Clustering of same-phase triplets
To estimate the degree of clustering of same-phase triplets, we determined the number of triplets that were engaged in clustering in a head-to-tail collage of all analyzed coding sequences using non-overlapping windows of ten thousand bases each. Additionally, we determined clustering in the three reading frames identifying the size of each cluster (i.e. number of triplets per cluster); those determinations did not require the use of windows because all triplet clusters were quantified independently [8].
Discussion
Intercodon dinucleotide frequencies in native and randomized sequences
We found higher intercodon T|G, C|A A|G and C|T (wherein the vertical line indicates the boundary between codons) frequencies in native sequences as compared to controls.
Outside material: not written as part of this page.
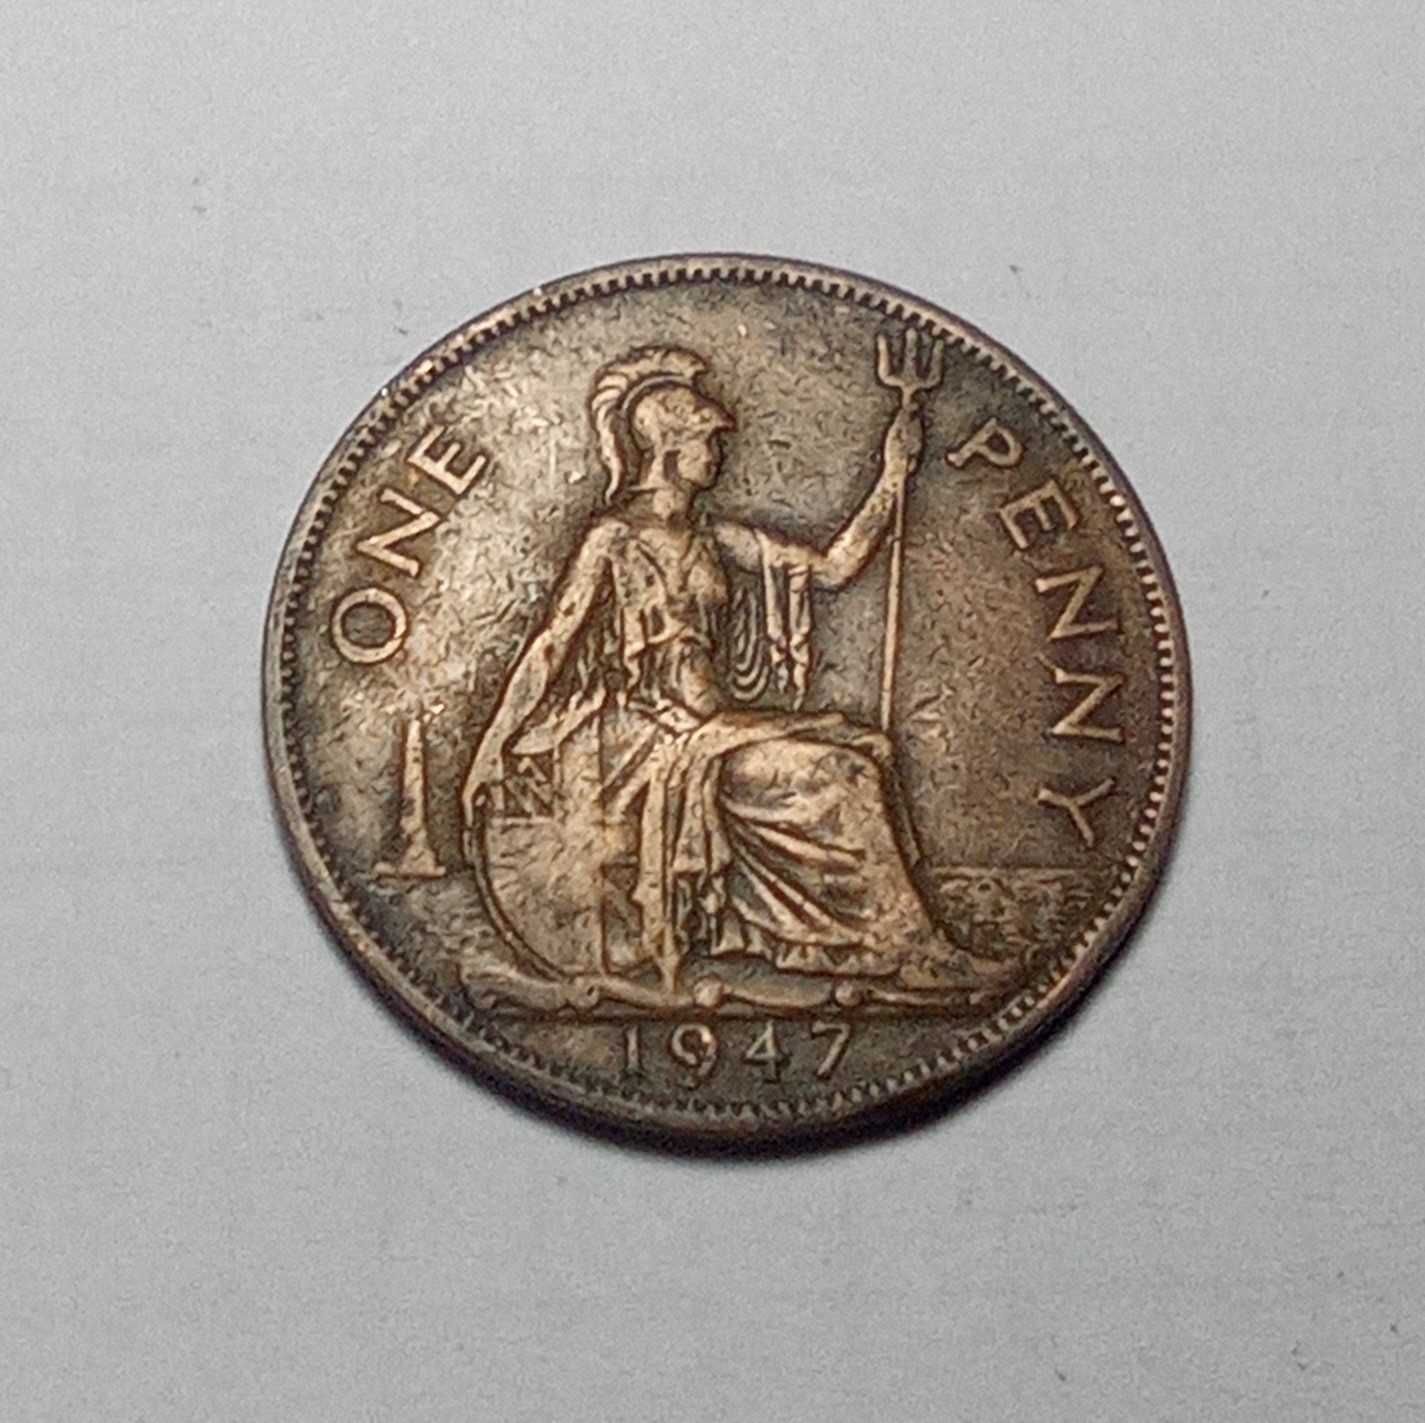 Monety Anglia One Penny różne roczniki.
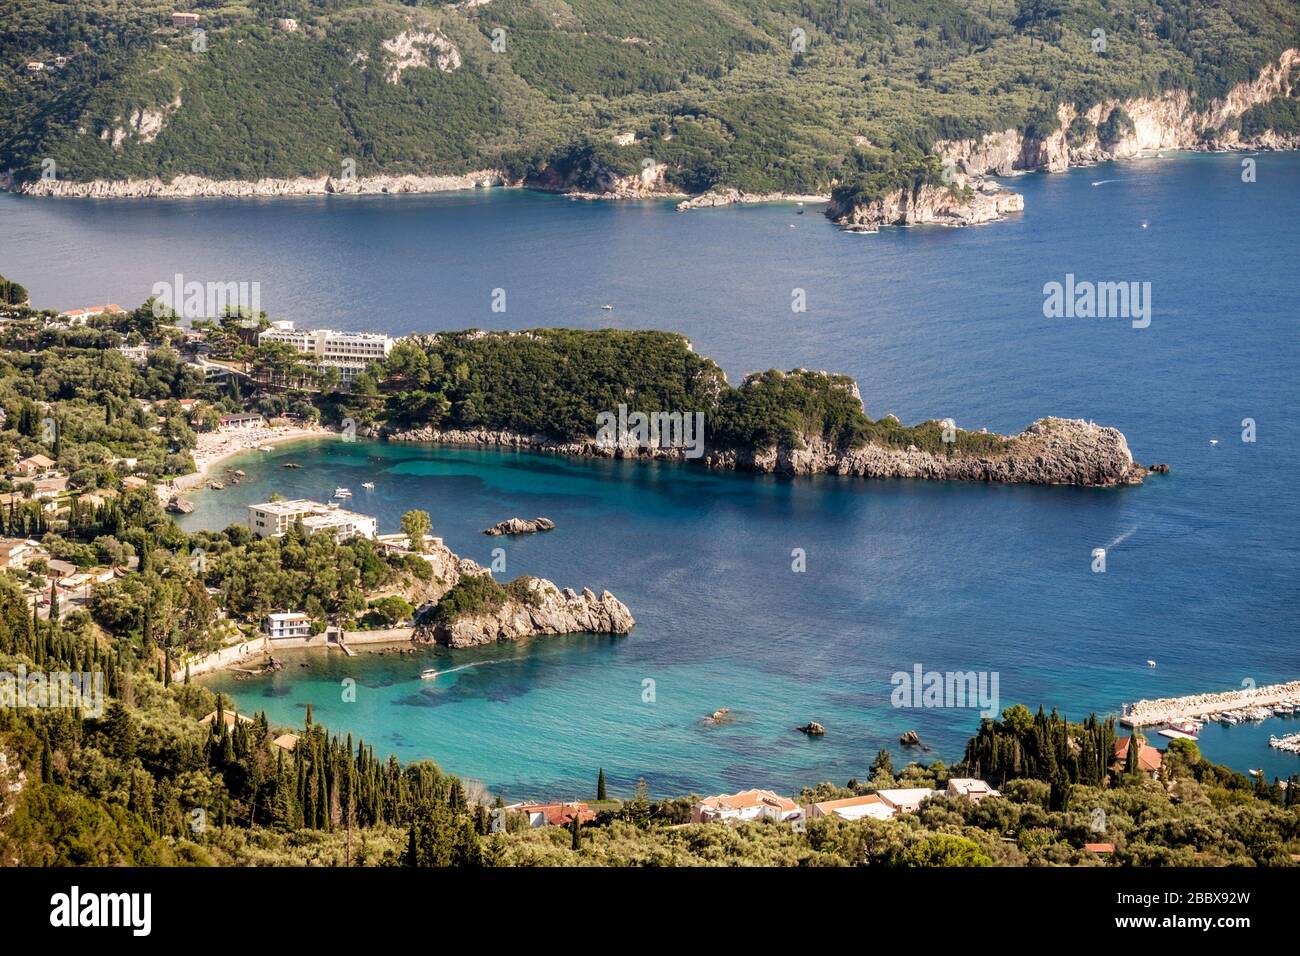 Vue sur la plage d'Agia Triada depuis la route de montagne, Corfou Grèce Banque D'Images

Conversely, we found lower frequency of C|G and T|A in native sequences than in randomized controls. These results are summarized in Figure 1A, wherein bars represent the ratios of native dinucleotide frequency to synonymous-codon-shuffled dinucleotide frequency minus one (1). The tendencies shown in Figure 1A should not be taken as equal to the long-known global dinucleotide tendencies in the genome [17, 18], even though those tendencies partially agreed with ours, especially in the marked reduction of C|G; however, other dinucleotide tendencies did not coincide and could even go in opposite directions. Irrespective of it, coincidences are suggestive of intercodon tendencies being generated by the same mechanisms that affect e.g. CpG dinucleotides in the whole genome [19].
Figure 1.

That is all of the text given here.